Economies of Virtue: The Circulation of ‘Ethics’ in Big Tech#

What’s this?

This is summary of Wednesday 5th May’s Data Ethics Club discussion, where we discussed the paper Economies of Virtue: The Circulation of ‘Ethics’ in Big Tech by Jake Goldenfein, Monique Mann and Declan Kuch.

The summary was written by Huw Day, who tried to synthesise everyone’s contributions to this document and the discussion. “We” = “someone at Data Ethics Club”. Nina Di Cara and Natalie Thurlby helped with the final edit.
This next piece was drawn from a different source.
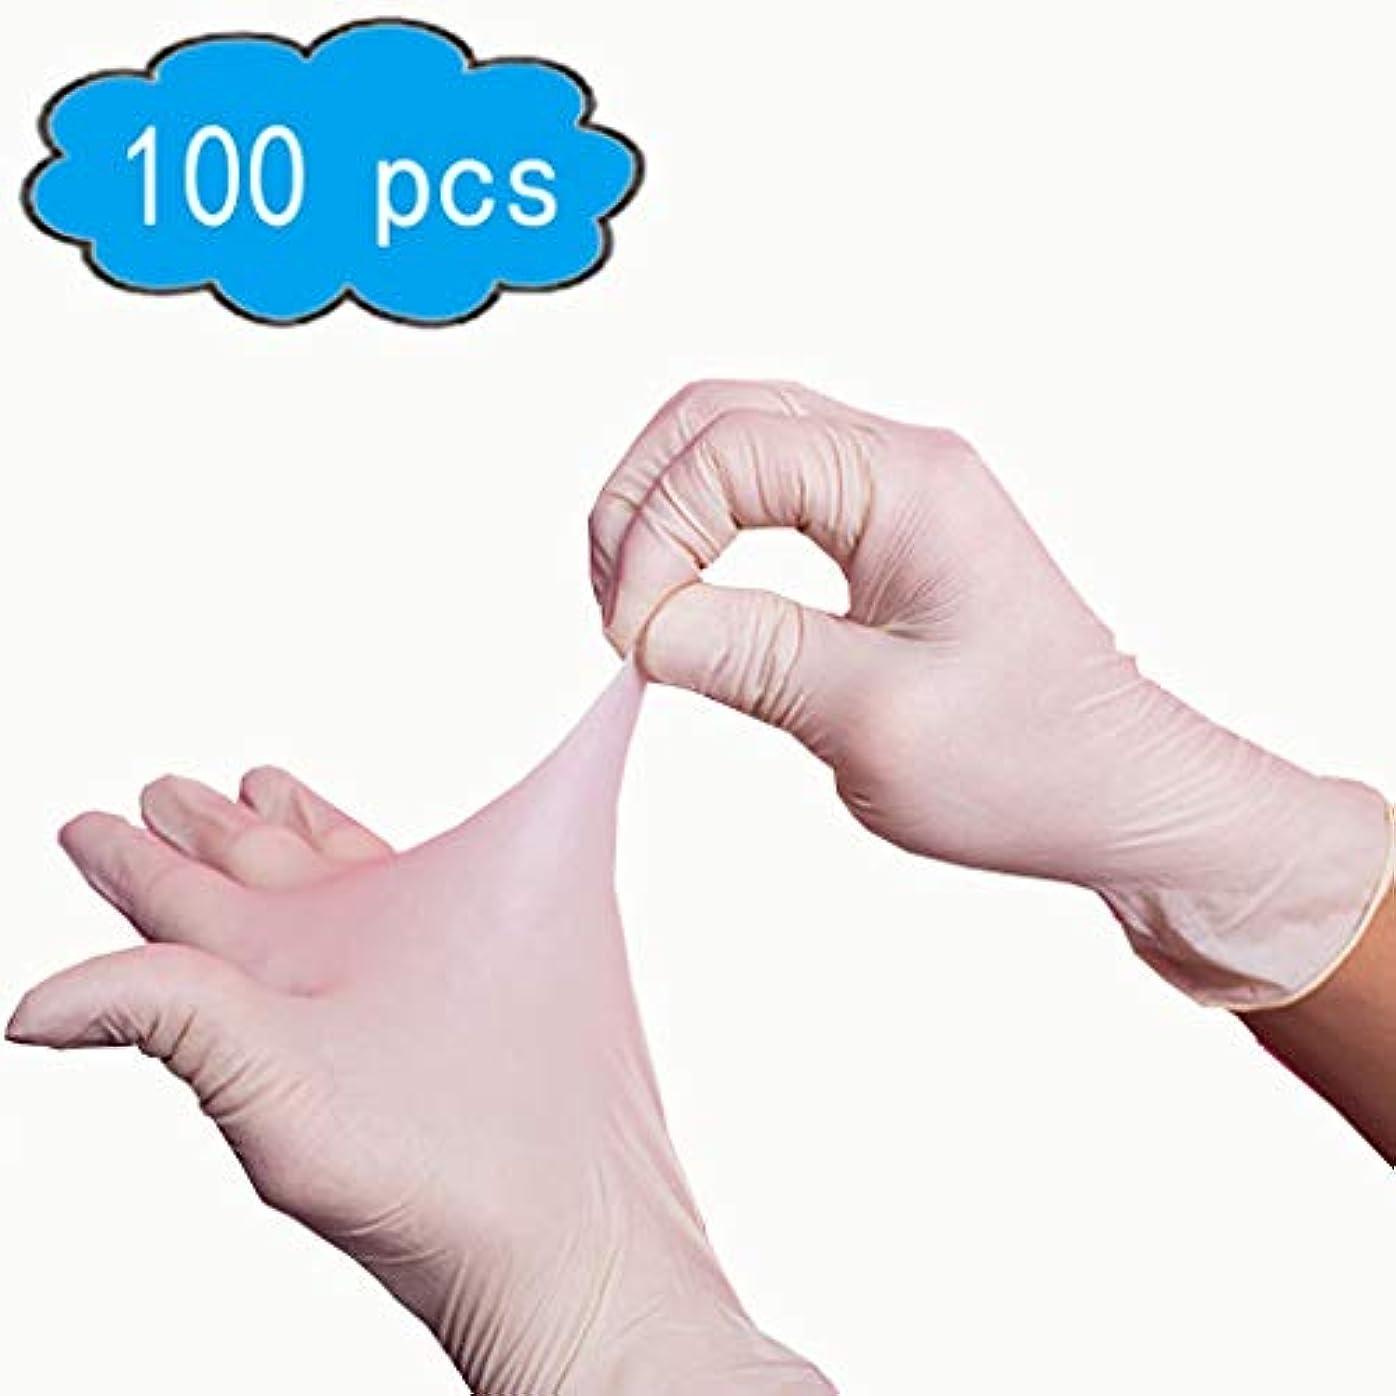 代数的弾性共同選択ゴム手袋パウダーフリー/使い捨て食品調理用手袋/キッチンフードサービスクリーニンググローブサイズミディアム、100個入り、応急処置用品、サニタリー手袋 (Color : White, Size : L)

UNO Meme, "Actually be Ethical Instead of just Pretending or Draw 25" with Tech Bros holding a handful of UNO cards.

Introduction#

This week at Data Ethics Club we discussed Economies of Virtue: The Circulation of ‘Ethics’ in Big Tech, a paper by by Jake Goldenfein, Monique Mann and Declan Kuch. (This paper may be difficult to access open source without a university login).

In this paper, the authors discusses some of the ethics problems in Big Tech and “how Big Tech has transformed ethics into a form of capital — a transactional object external to the organisation, one of the many ‘things’ contemporary capitalists must tame and procure”.

We talked about the difficulities in conducting ethical research that is funded by the body you are investigating, how this research is best able to bring about change and whether interventions that serve a captialistic interest are always harmful.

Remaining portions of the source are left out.